WordPress is an open source blogging tool and a content management system (CMS) based on PHP and MySQL which runs on a web hosting service. Features include a plug-in architecture and a template system. WordPress is used by over 18.9% of the top 10 million websites as of August 2013. WordPress is currently the most popular blogging system being used on the Web,powering over 60 million websites worldwide.
WordPress users may install and switch between themes. Themes allow users to change the look and functionality of a WordPress website or installation without altering the information content or structure of the site. Themes may be installed using the WordPress “Appearance” administration tool or theme folders may be uploaded via FTP. The PHP, HTML & CSS code found in themes can be added or edited for providing advanced features. Thousands of WordPress themes exist, some free, and some premium (paid for) templates.
One very popular feature of WordPress is its rich plugin architecture which allows users and developers to extend its abilities beyond the core installation. WordPress has a database of over 24,000 plugins, each of which offer custom functions and features enabling users to tailor their site to their specific needs. These customizations range from SEO (Search Engine Optimization) enhancers to content-displaying features, such as the addition of widgets and navigation bars.

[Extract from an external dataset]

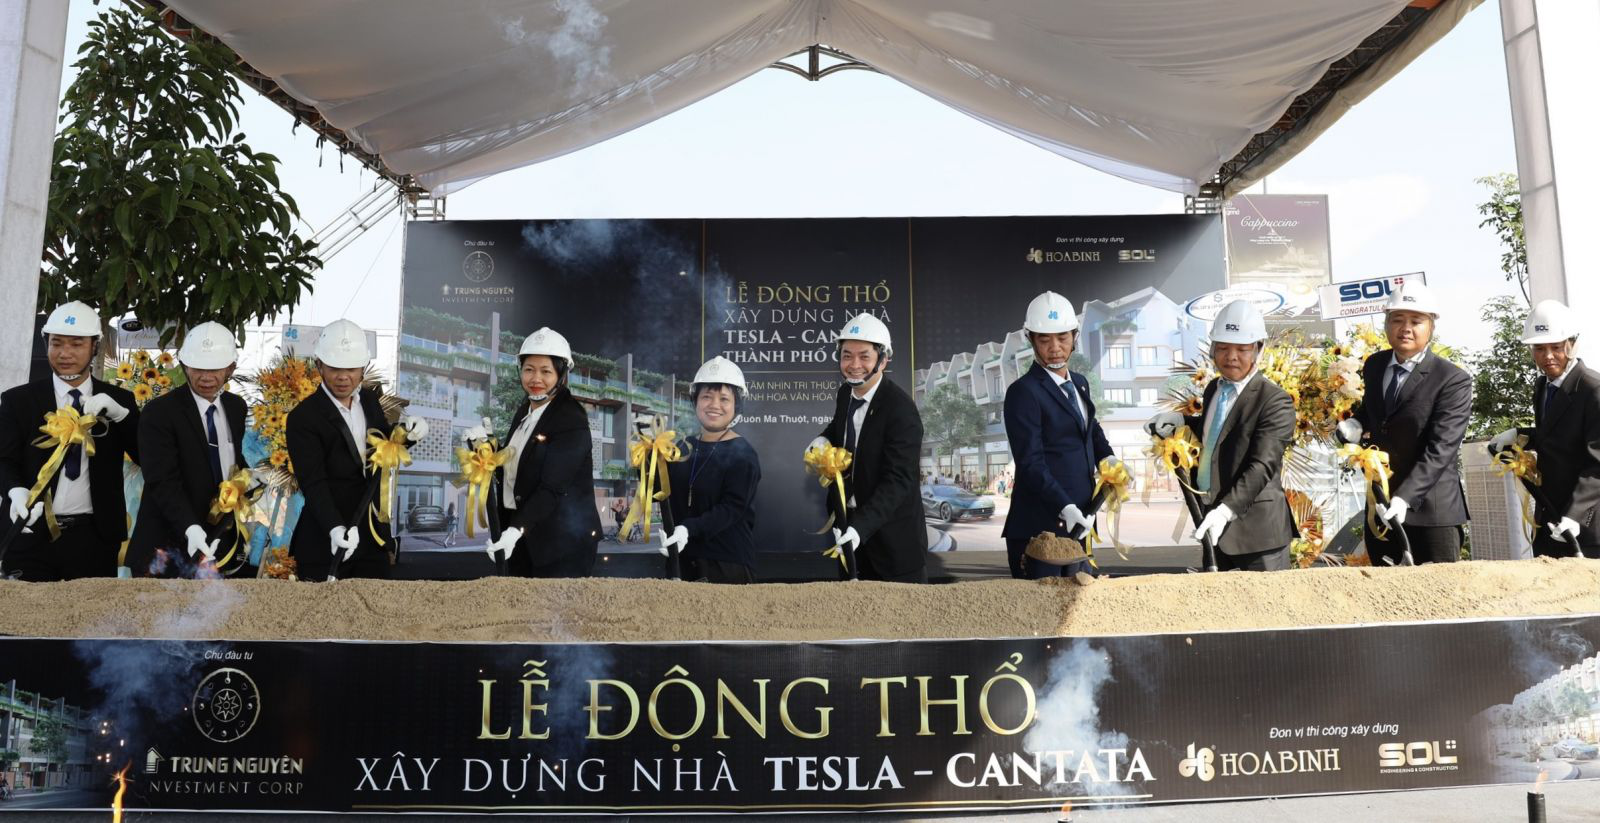 Trung Nguyên Legend và các đối tác thự hiện Lễ động thổ xây dựng nhà Tesla - Cantata

Widgets are small modules that offer users drag-and-drop sidebar content placement through the implementation of plugins’ extended abilities. Some of these Widgets offer customization options such as web forms to fill out, a search form, includes or excludes of data and information such as Categories, Archives and Recent Posts, optional images through slideshows and/or carousels, among other customization features.These small modules are typically displayed within the header (header.php), footer (footer.php) and sidebars (sidebar.php files) of websites, but can also be placed outside of said locations enabling even further customization.
Multi-user and multi-blogging
Prior to WordPress 3.0, WordPress supported one blog per installation, although multiple concurrent copies may be run from different directories if configured to use separate database tables. WordPress Multi-User (WordPress MU, or WPMU) was a fork of WordPress created to allow multiple blogs to exist within one installation but is able to be administered by a centralized maintainer. WordPress MU makes it possible for those with a website to host their own blogging community, as well as control and moderate all the blogs from a single dashboard. WordPress MU adds eight new data tables for each blog.

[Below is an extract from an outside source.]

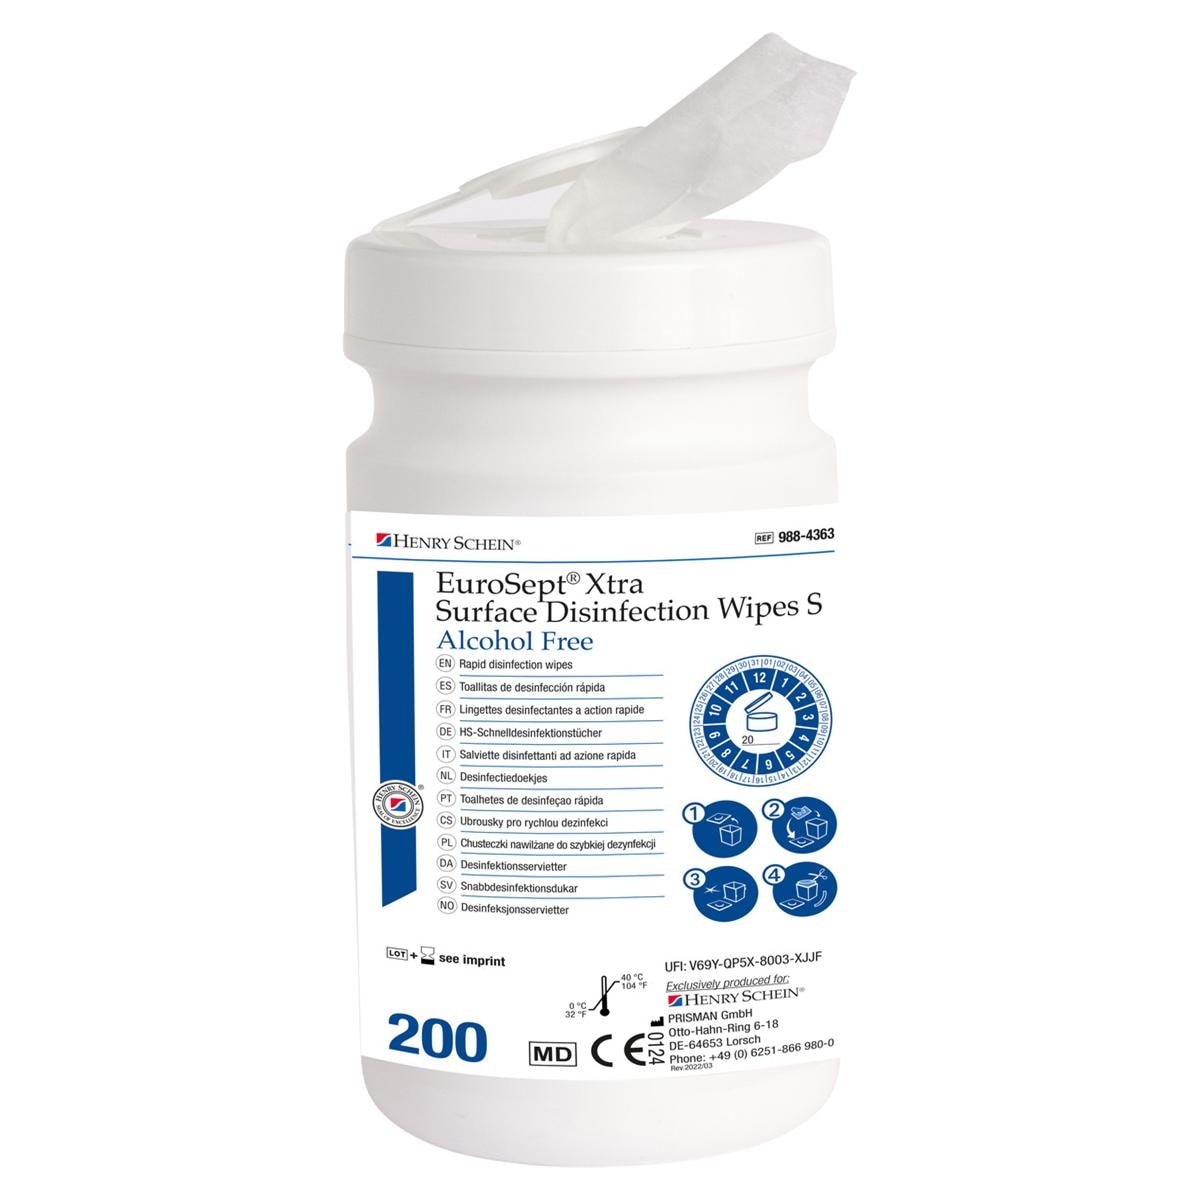 Eurosept Xtra Surface Disinfection Wipes Small - sans alcool - Distributeur de 200 lingettes (20 x 22 cm)

As of the release of WordPress 3.0, WordPress MU has merged with WordPress.
Native applications exist for WebOS, Android, iOS (iPhone, iPod Touch, iPad), Windows Phone, and BlackBerry. These applications, designed by Automattic allow a limited set of options, which include adding new blog posts and pages, commenting, moderating comments, replying to comments in addition to the ability to view the stats.
Other features of note
WordPress also features integrated link management; a search engine–friendly, clean permalink structure; the ability to assign nested, multiple categories to articles; and support for tagging of posts and articles. Automatic filters are also included, providing standardized formatting and styling of text in articles (for example, converting regular quotes to smart quotes). WordPress also supports the Trackback and Pingback standards for displaying links to other sites that have themselves linked to a post or article.